Your goal:
Give again, word for word, the lines below that run from the line with "Cần bán gấp" through the line with "评薛问天先生的文章0366_页面_10.jpg". Drop the pictures.

The data:
——————
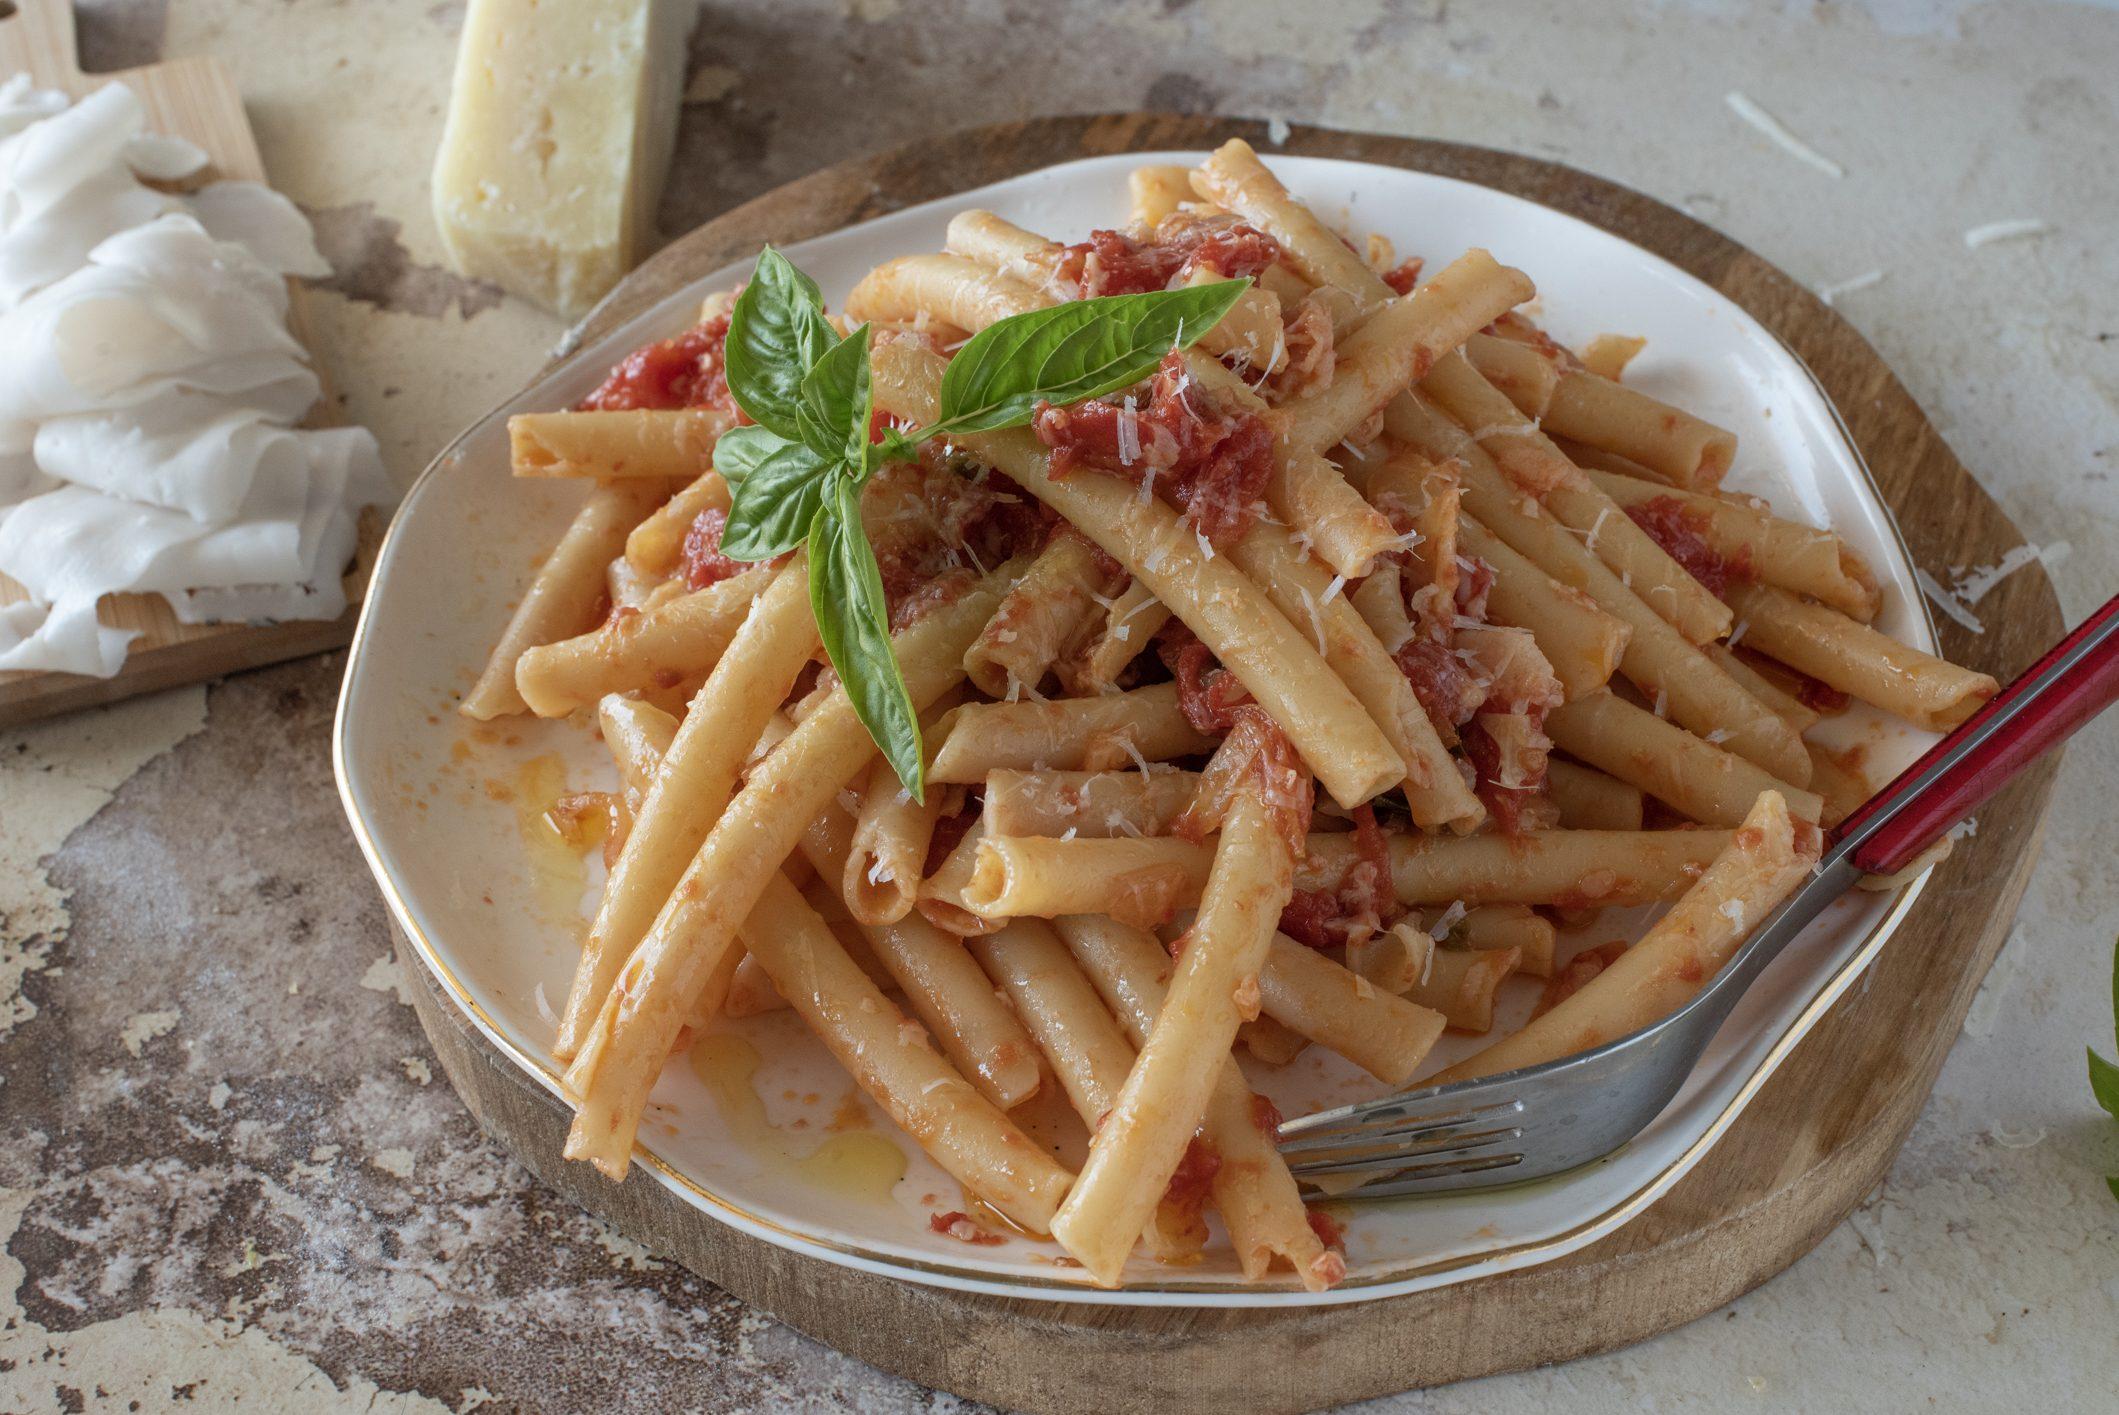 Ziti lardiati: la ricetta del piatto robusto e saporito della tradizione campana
——————
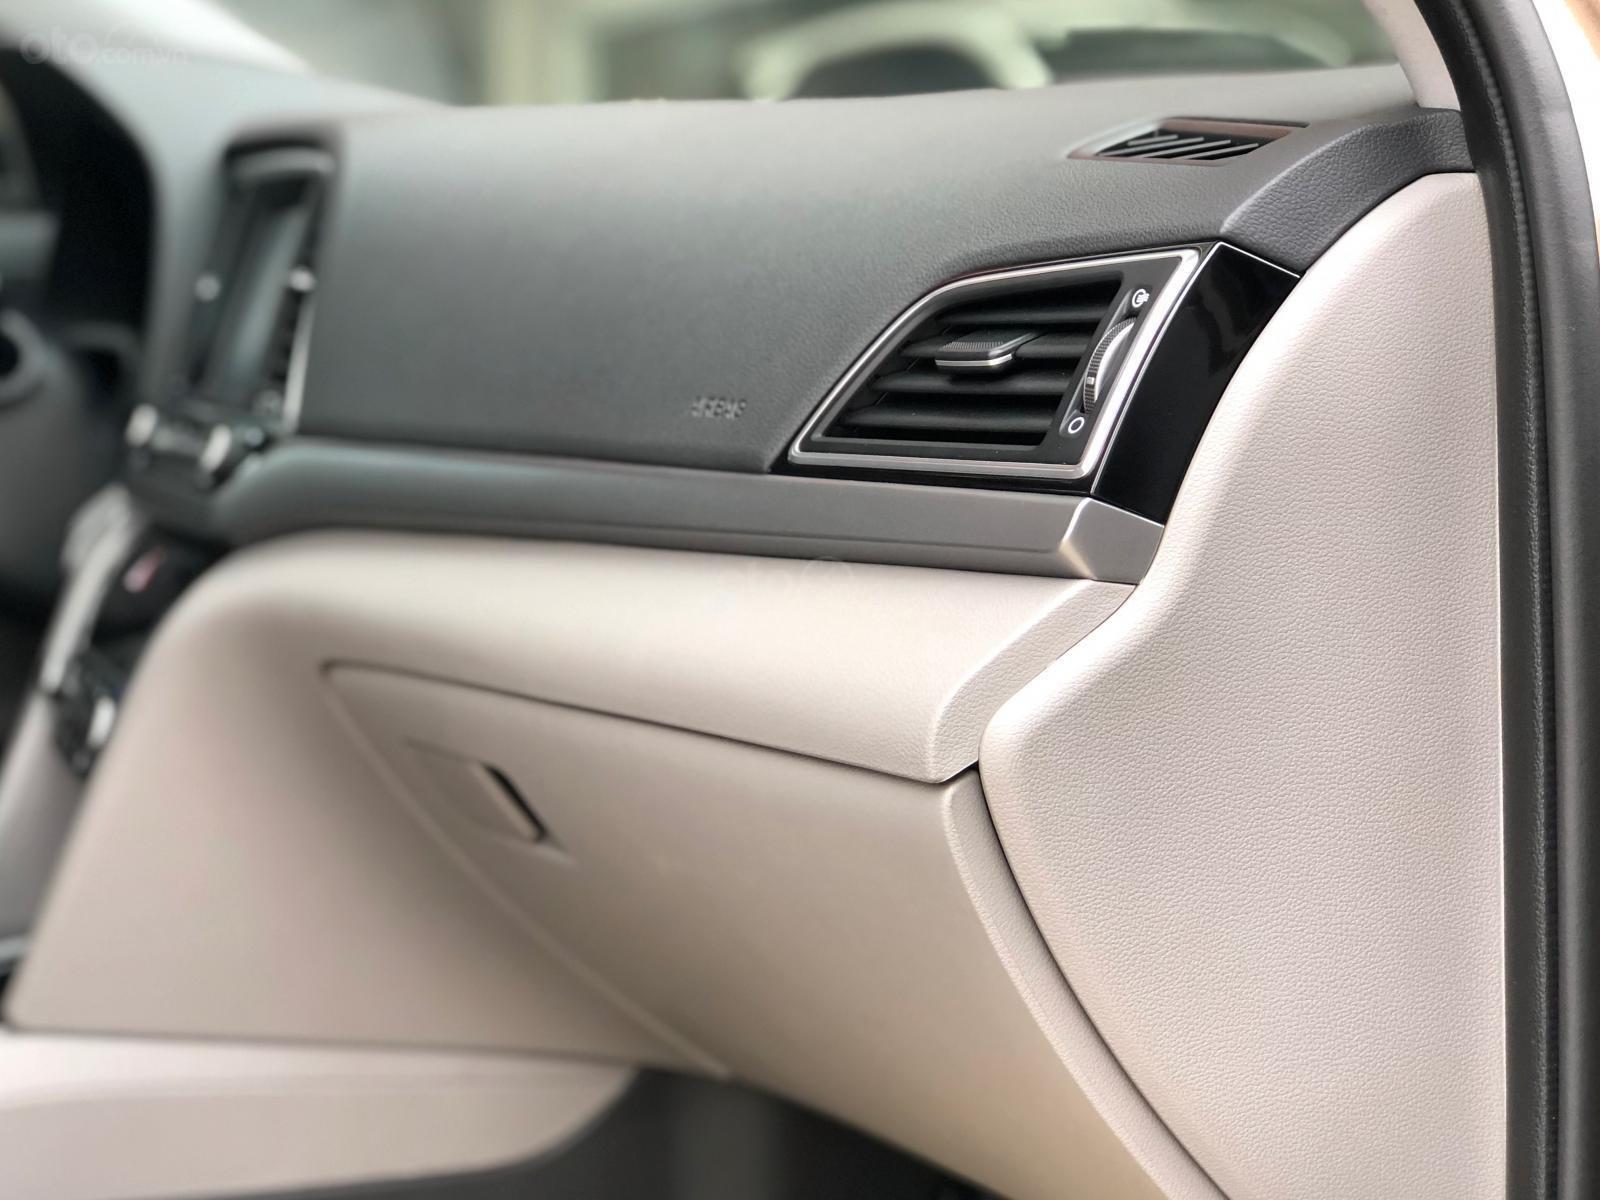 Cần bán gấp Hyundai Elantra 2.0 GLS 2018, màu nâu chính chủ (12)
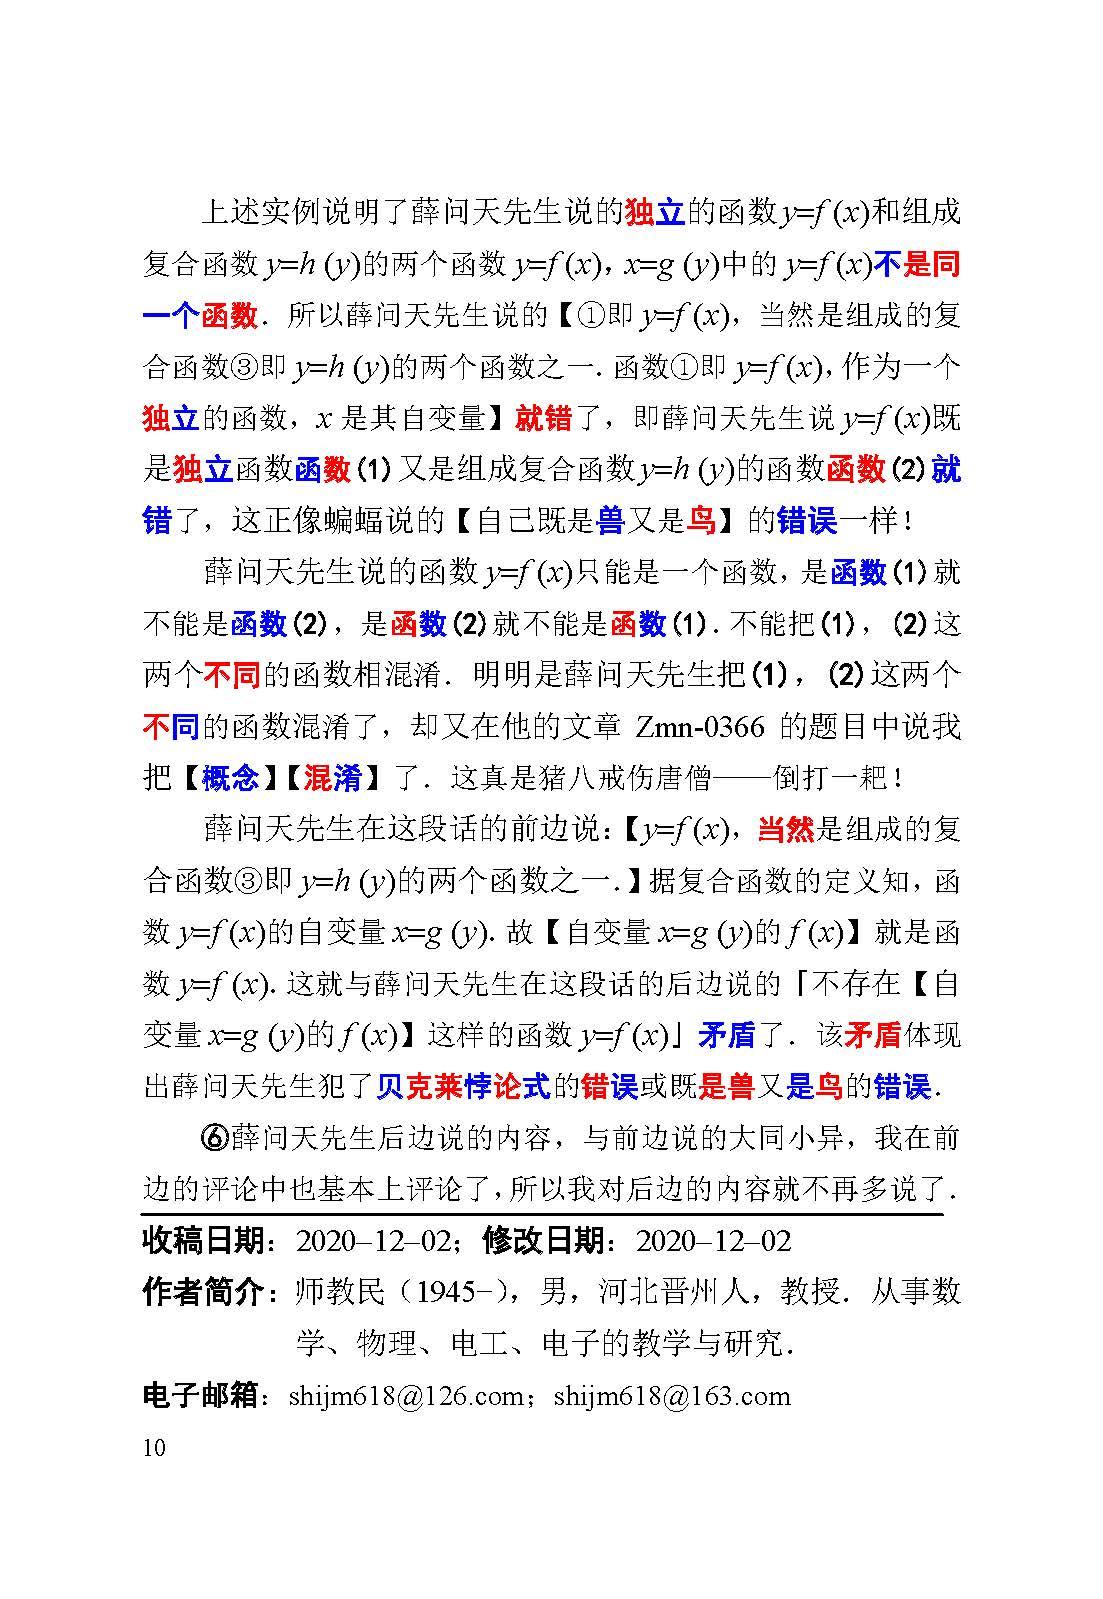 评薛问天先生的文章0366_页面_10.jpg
——————
Reply to the task:
 Cần bán gấp Hyundai Elantra 2.0 GLS 2018, màu nâu chính chủ (12)
 评薛问天先生的文章0366_页面_10.jpg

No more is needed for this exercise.